▶ [WHAT YOU NEED TO DO]: Exclude the images, then return every line below exactly as written.

▶ [INPUT DATA]:
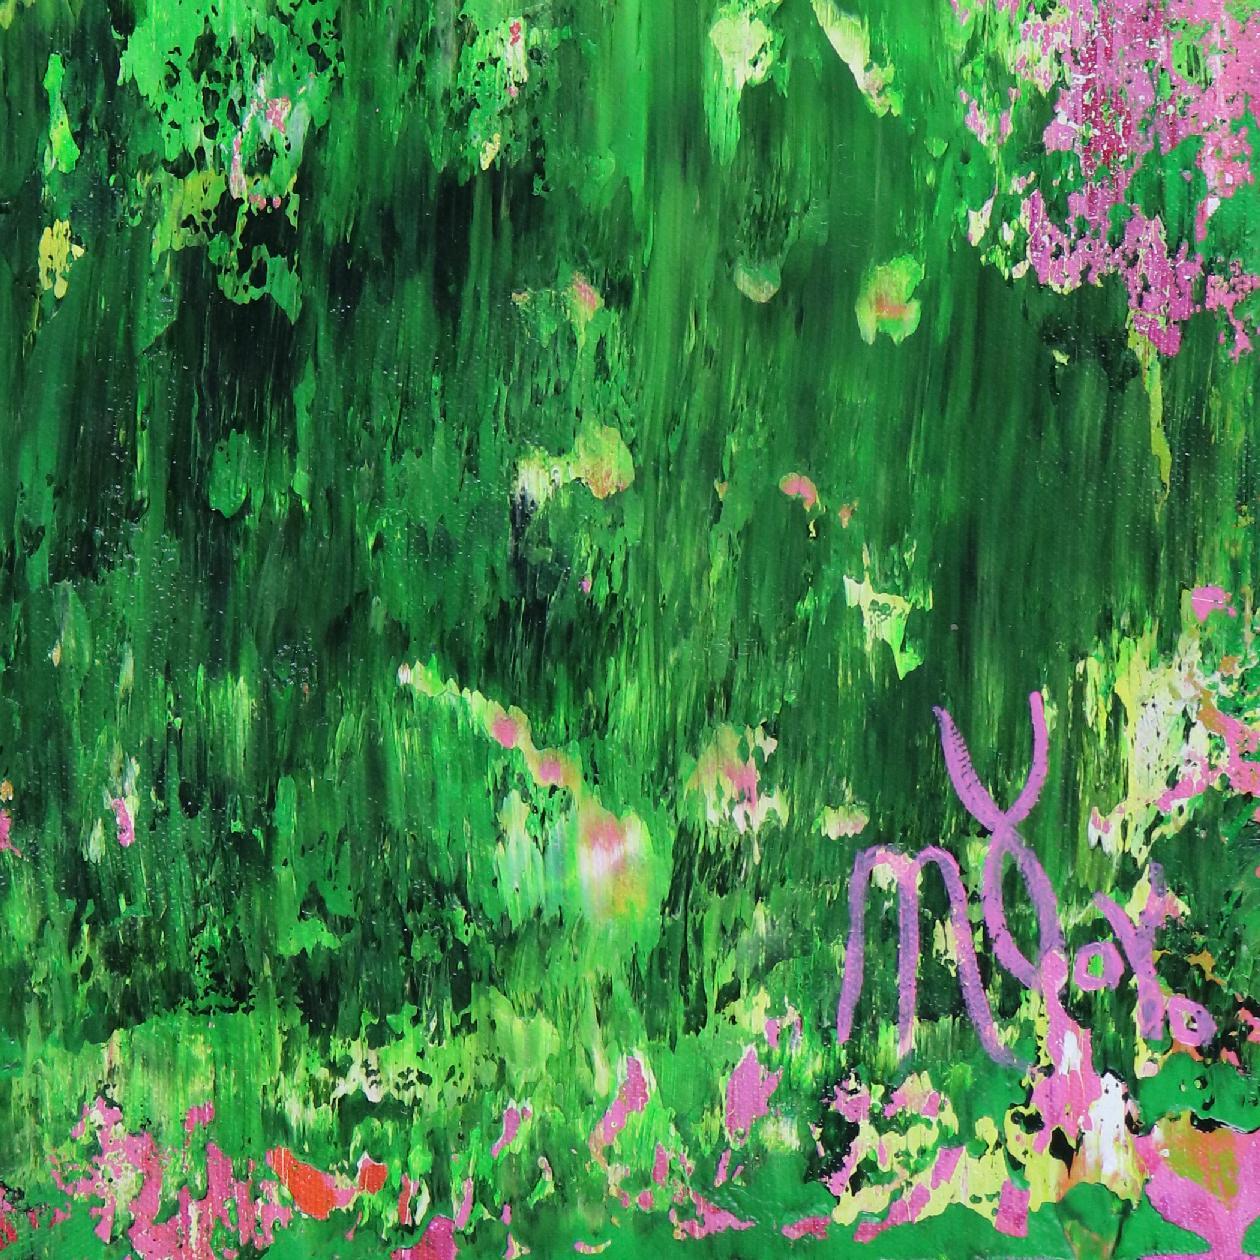 Signature - Verdor (A Romance With Green) 3 by Nestor Toro
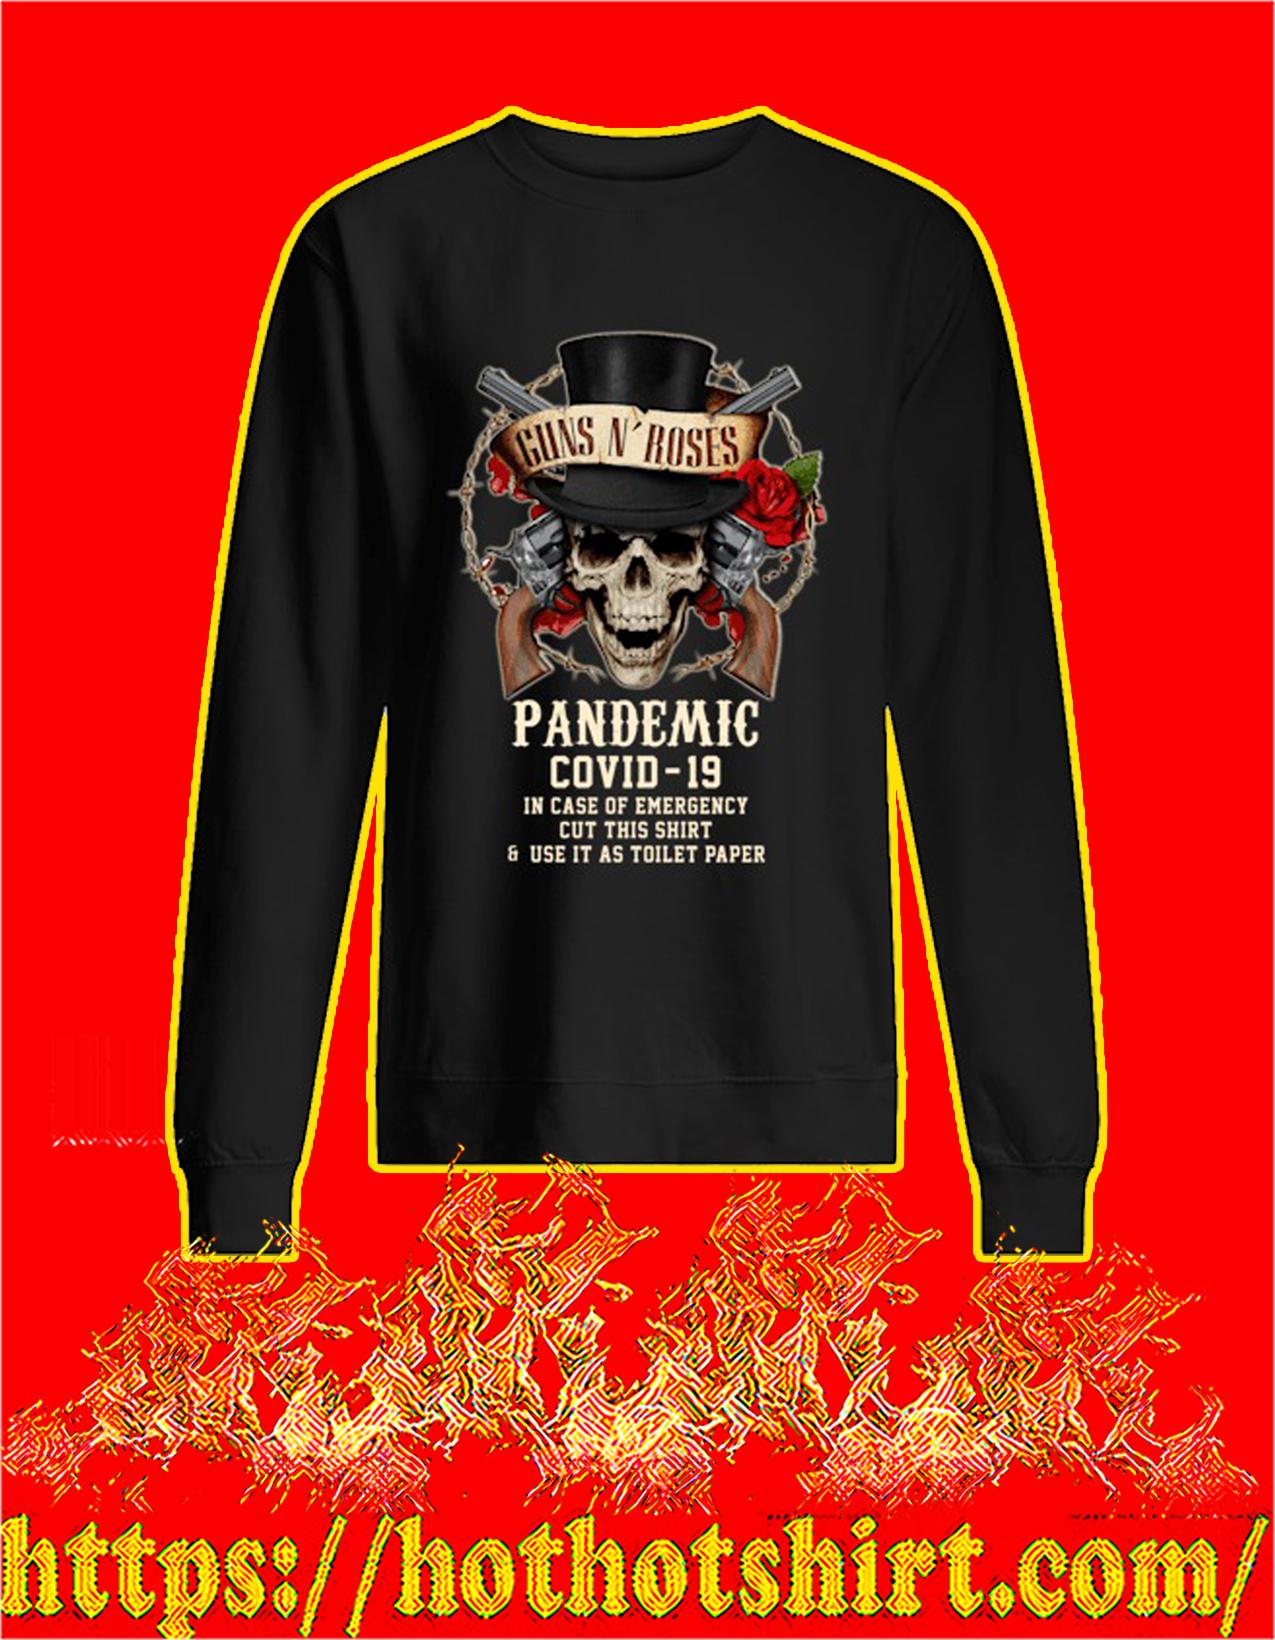 Guns n' rose pandemic covid 19 sweatshirt
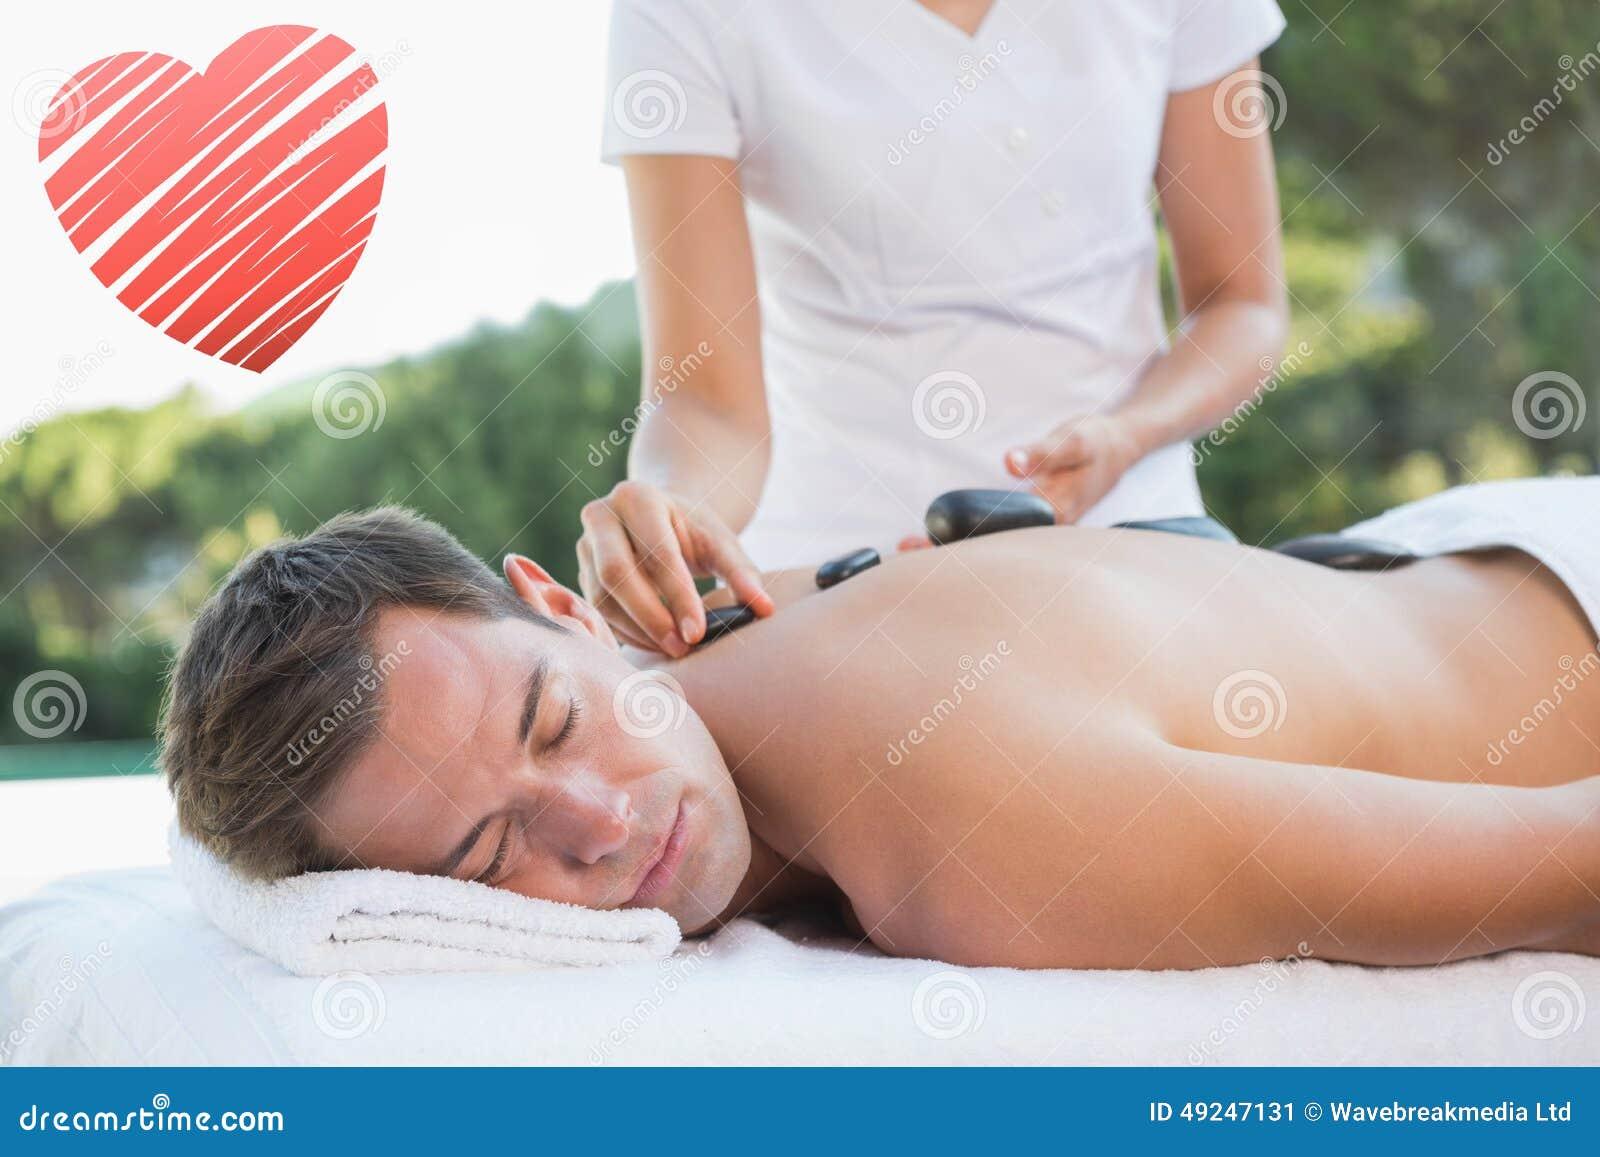 Hot stone massage utah-6874
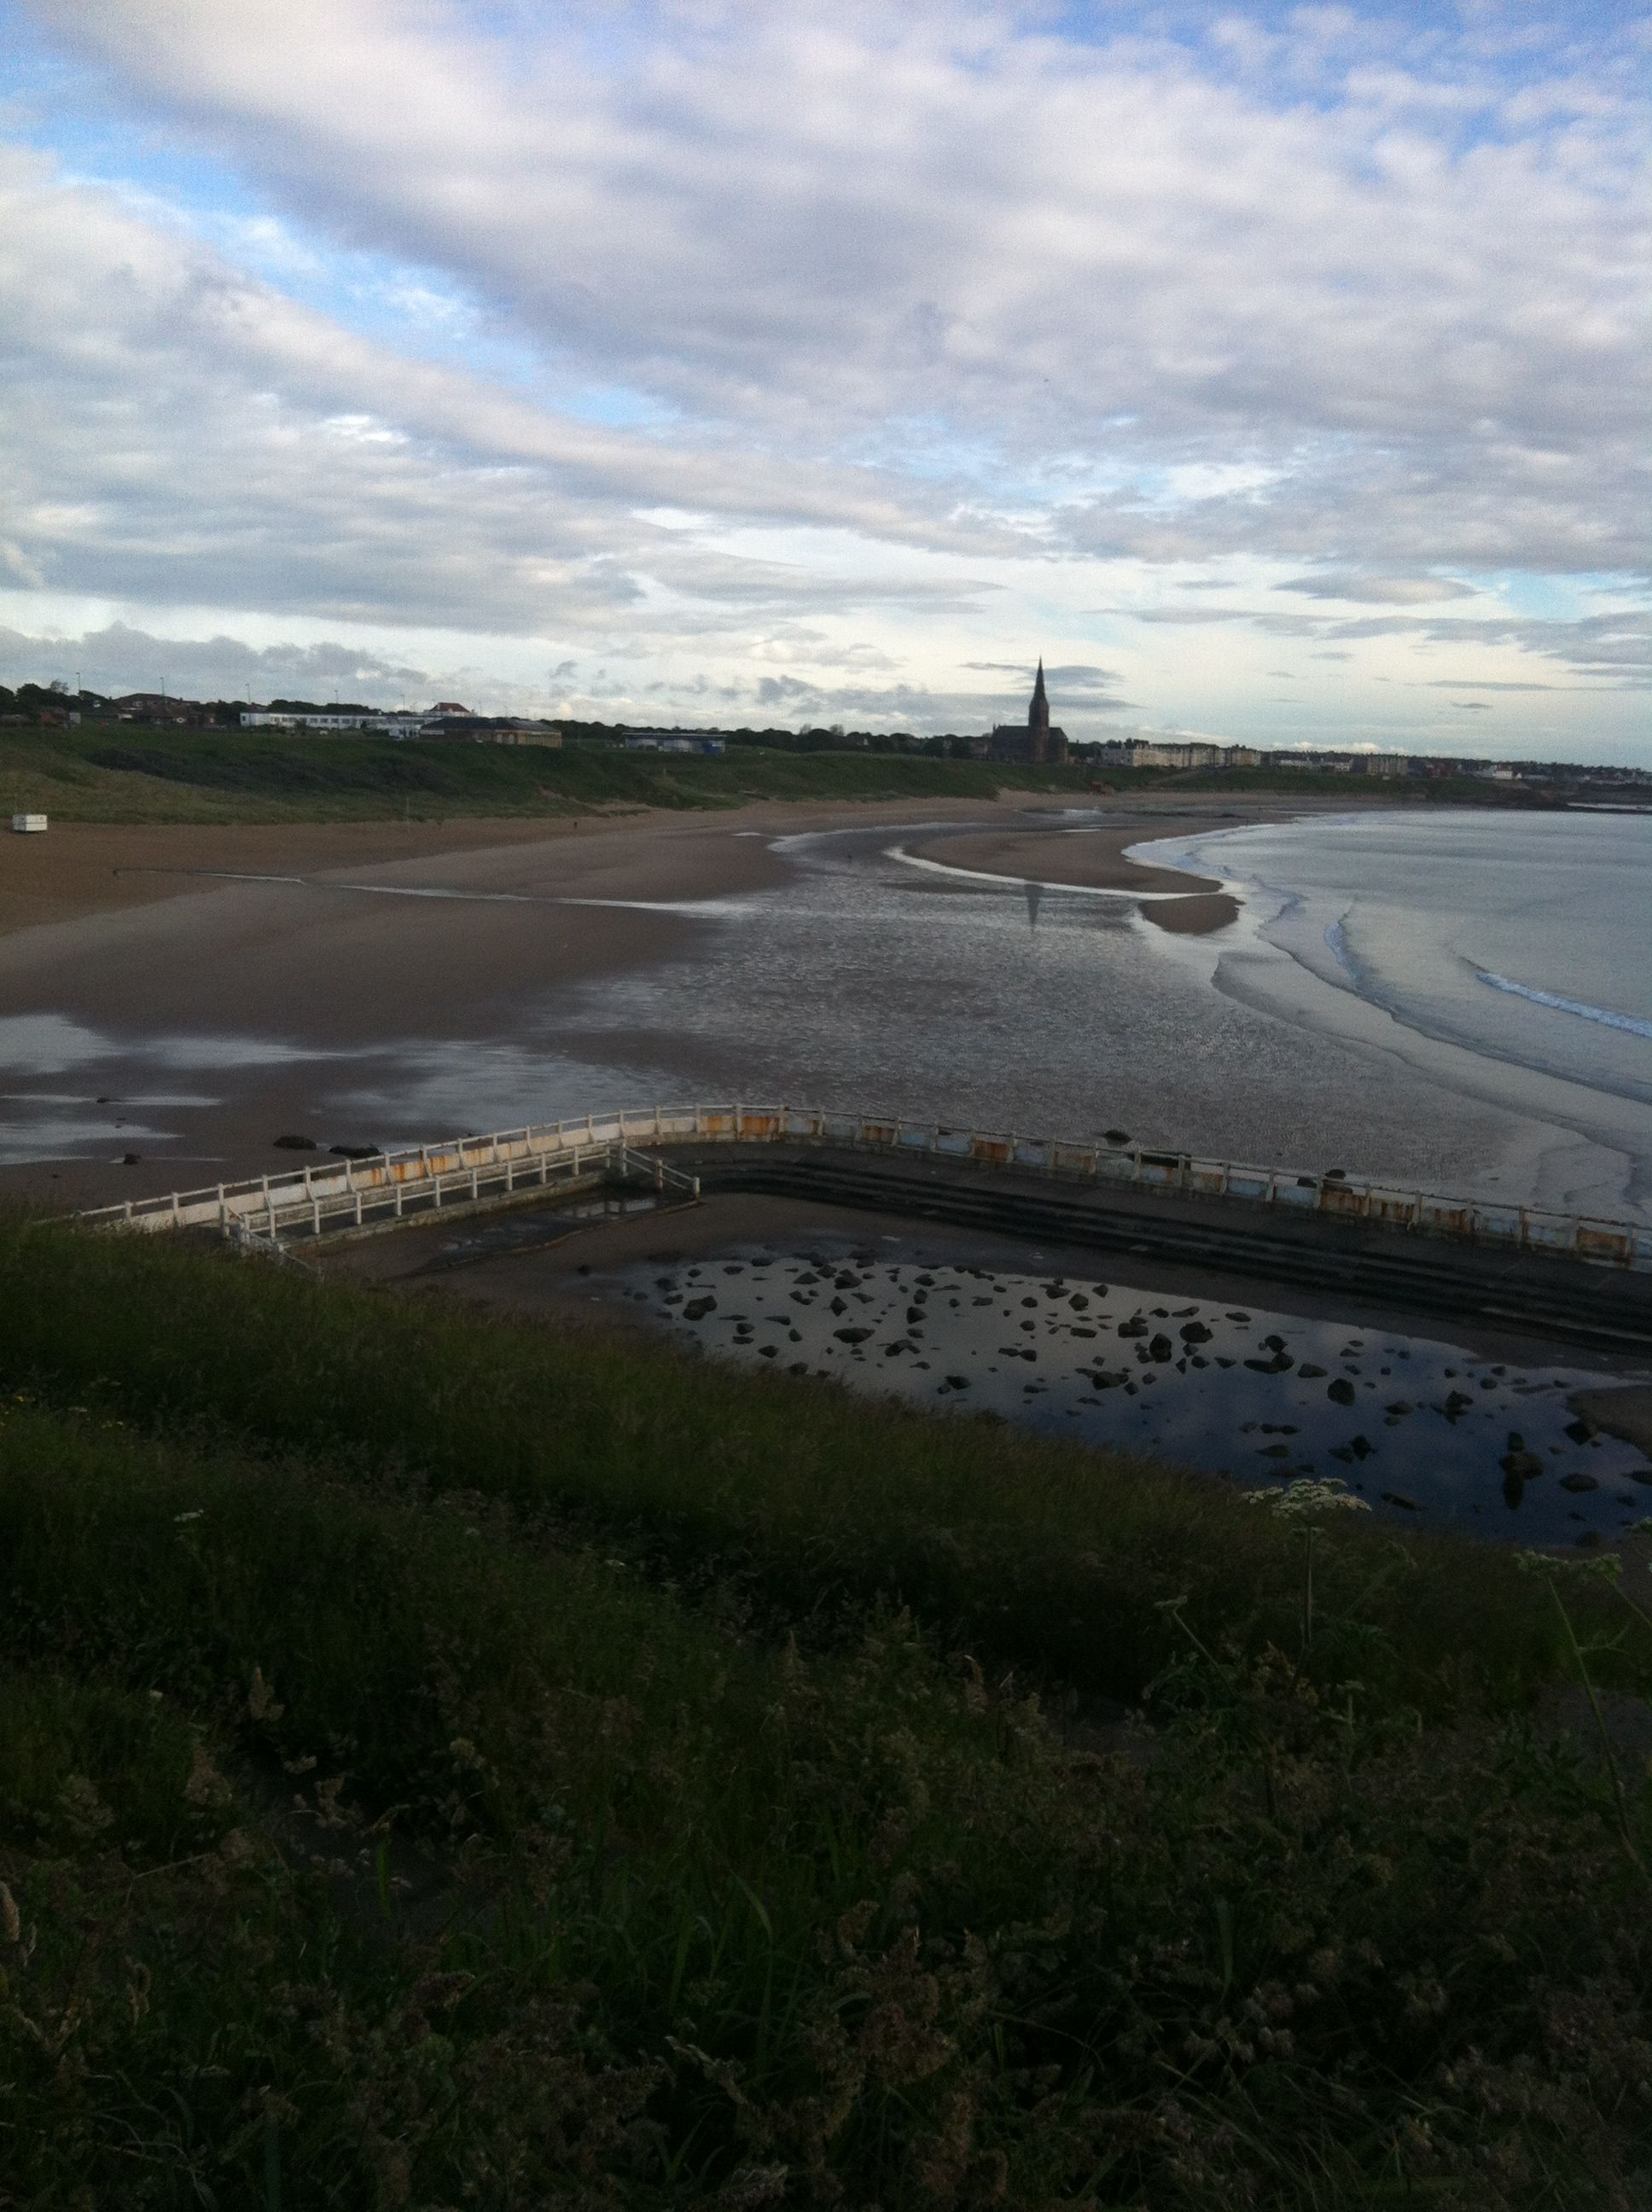 Tynemouth long sands beach 23 June 7am 2013 www.tynemouthwebcam.com

▶ [REPLY TO THE TASK]:
 Signature - Verdor (A Romance With Green) 3 by Nestor Toro
 Guns n' rose pandemic covid 19 sweatshirt
 Hot stone massage utah-6874
 Tynemouth long sands beach 23 June 7am 2013 www.tynemouthwebcam.com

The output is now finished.